Des parkings, hangars, bâtiments doivent donc être mis en place de toute urgence pour accueillir de nouveaux contrôles des personnes et gérer les flux des marchandises. Dans le Calaisis, il est par exemple question d’aménager une zone de plus de quarante-cinq hectares, dans laquelle aura lieu le contrôle du trafic des camions. Il s'agira d'une sorte de nouvelle douane qui va s'installer à quinze kilomètres des côtes. Pour le seul port de Dunkerque, les investissements à réaliser sont évalués à 25 millions d’euros. 
La consultation organisée en catimini, jusqu’au 16 janvier, s’est muée en diatribe dirigée contre le régime dérogatoire prévu par ces deux projets de texte pour permettre une mise à niveau rapide des aménagements et infrastructures routières, portuaires, ferroviaires, mais également dans une moindre mesure, aéroportuaires, rendus nécessaires par le Brexit. Ces adaptations couvrent un vaste champ du droit, dont le ministère fournit un vague aperçu : "Règles d’urbanisme, de préservation du patrimoine, de voirie et de transports, de commande publique, de participation du public et d’environnement et de contrôles sanitaires et phytosanitaires déportés." "Le cumul des procédures et des passages dans différentes instances conduirait à un délai d'instruction avant le démarrage des travaux qui ne permettra pas d’agir rapidement pour réaliser les aménagements nécessaires pour atténuer de façon satisfaisante les effets liés à un retrait sans accord du Royaume-Uni de l'Union européenne", justifie l’étude d’impact accompagnant le projet de loi. 
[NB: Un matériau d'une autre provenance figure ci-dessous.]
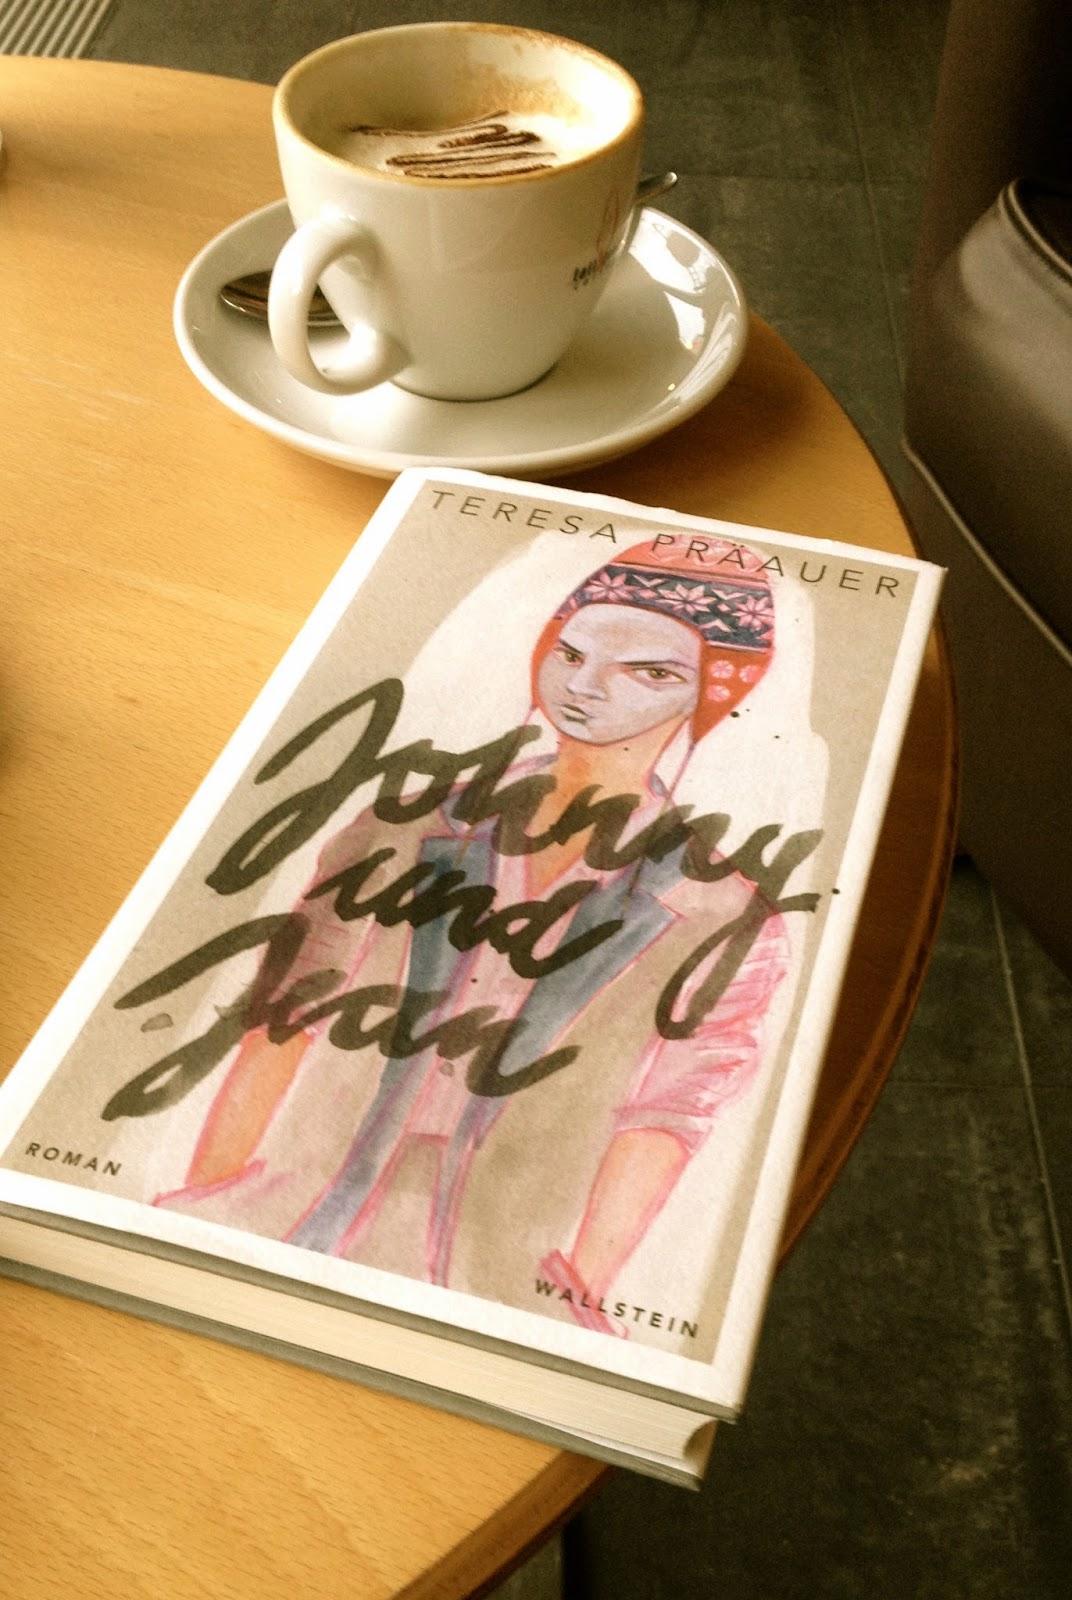 "Teresa Präauers Roman ""Johnny undJean"""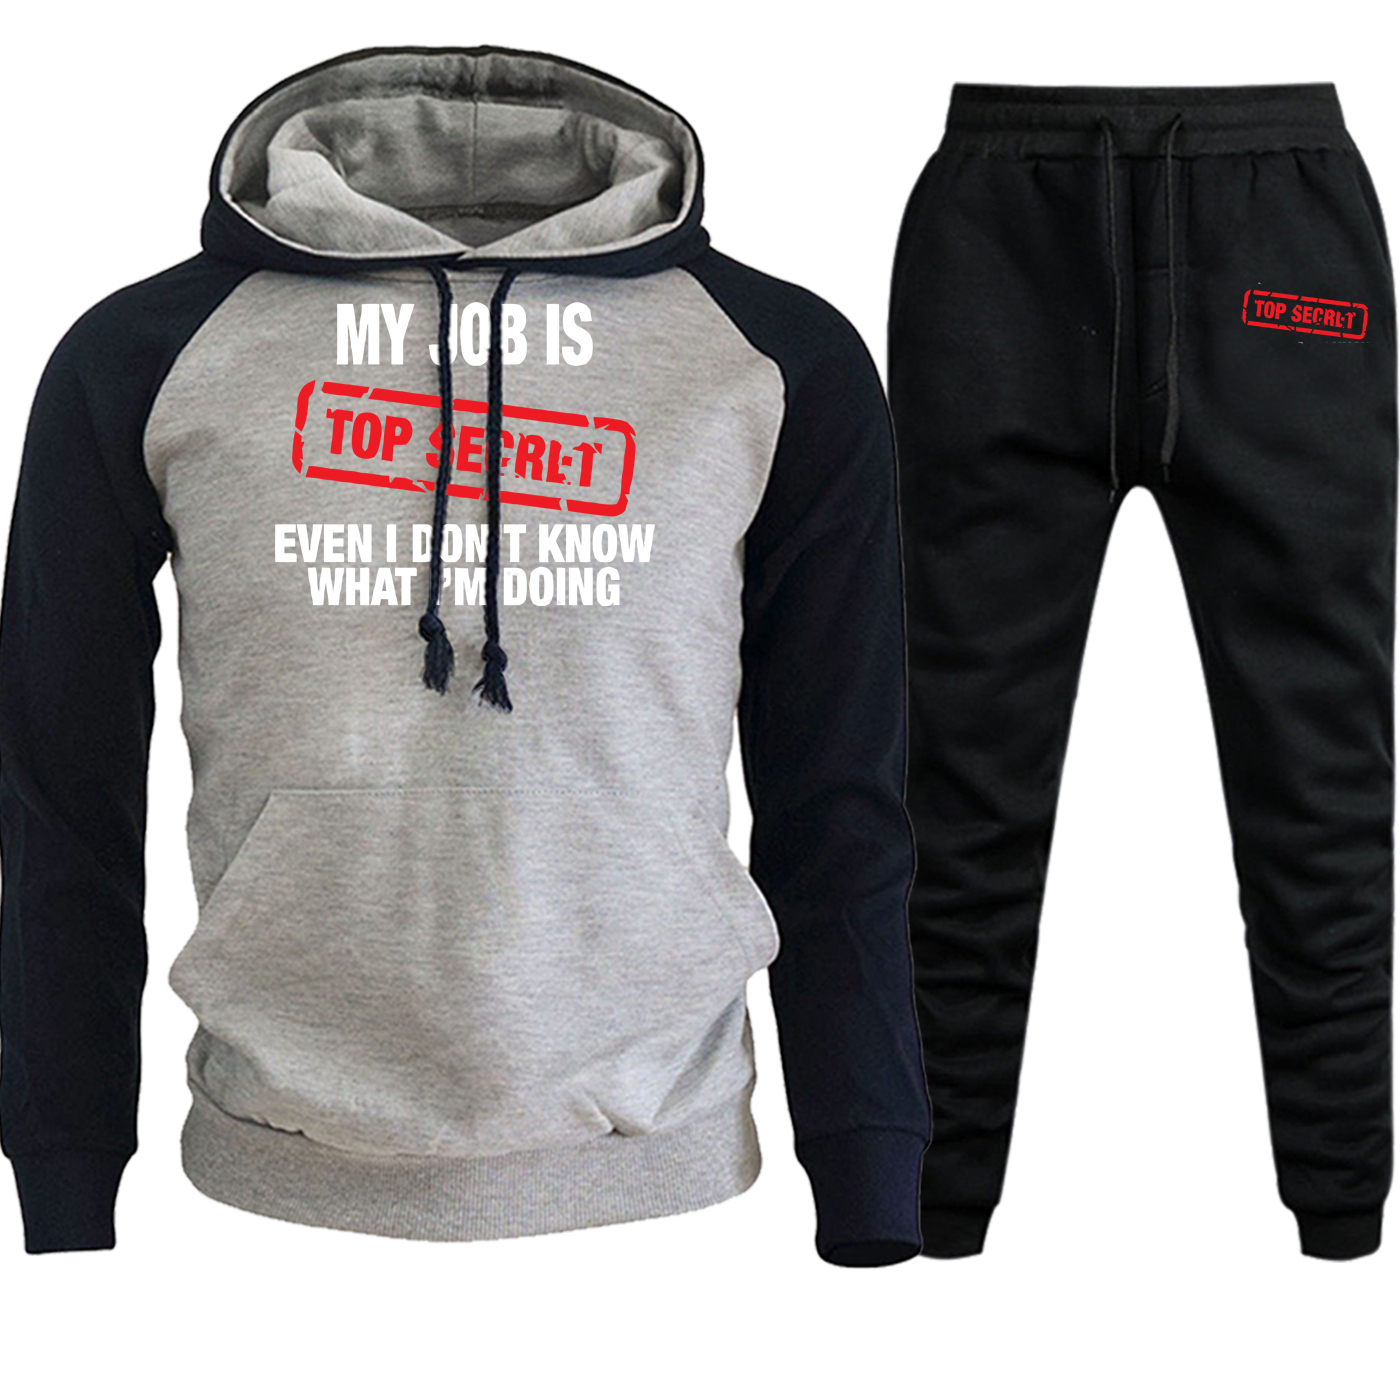 Funny My Job Is Top Secre Sportswear Mens Raglan Hoodies Autumn Winter Suit Men Casual Hooded Fleece Pullover+Pants 2 Piece Set

Du provisoire qui pourrait durer

Face à l’urgence des travaux, le gouvernement oppose ainsi à la sédimentation des procédures multiples, "des procédures simplifiées et temporaires", de façon à "accélérer l’examen des dossiers et l’attribution des autorisations nécessaires". À commencer, par la mise en place d’un "régime d’autorisation ad hoc", en lieu et place de l’autorisation environnementale prévue aux articles L. 181-1 et suivants du code de l’environnement, dont seuls les sites naturels classés seront exclus. 
Le caractère temporaire de ces aménagements - associés à une  "durée maximale de deux ans - est par ailleurs mis en avant pour les dispenser de toute formalité au titre du code de l’urbanisme.  À l’issue de leur période d’utilisation - et au plus tard à l’expiration d’une durée de deux ans -, les lieux les ayant accueillis devront ainsi être "remis en état" ou régularisés "dans les conditions de droit commun prévues par le code de l’urbanisme", c’est-à-dire une fois absorbé le choc du Brexit. En clair, si l’habilitation est temporaire, les mesures prises pourraient quant à elles produire des effets pérennes.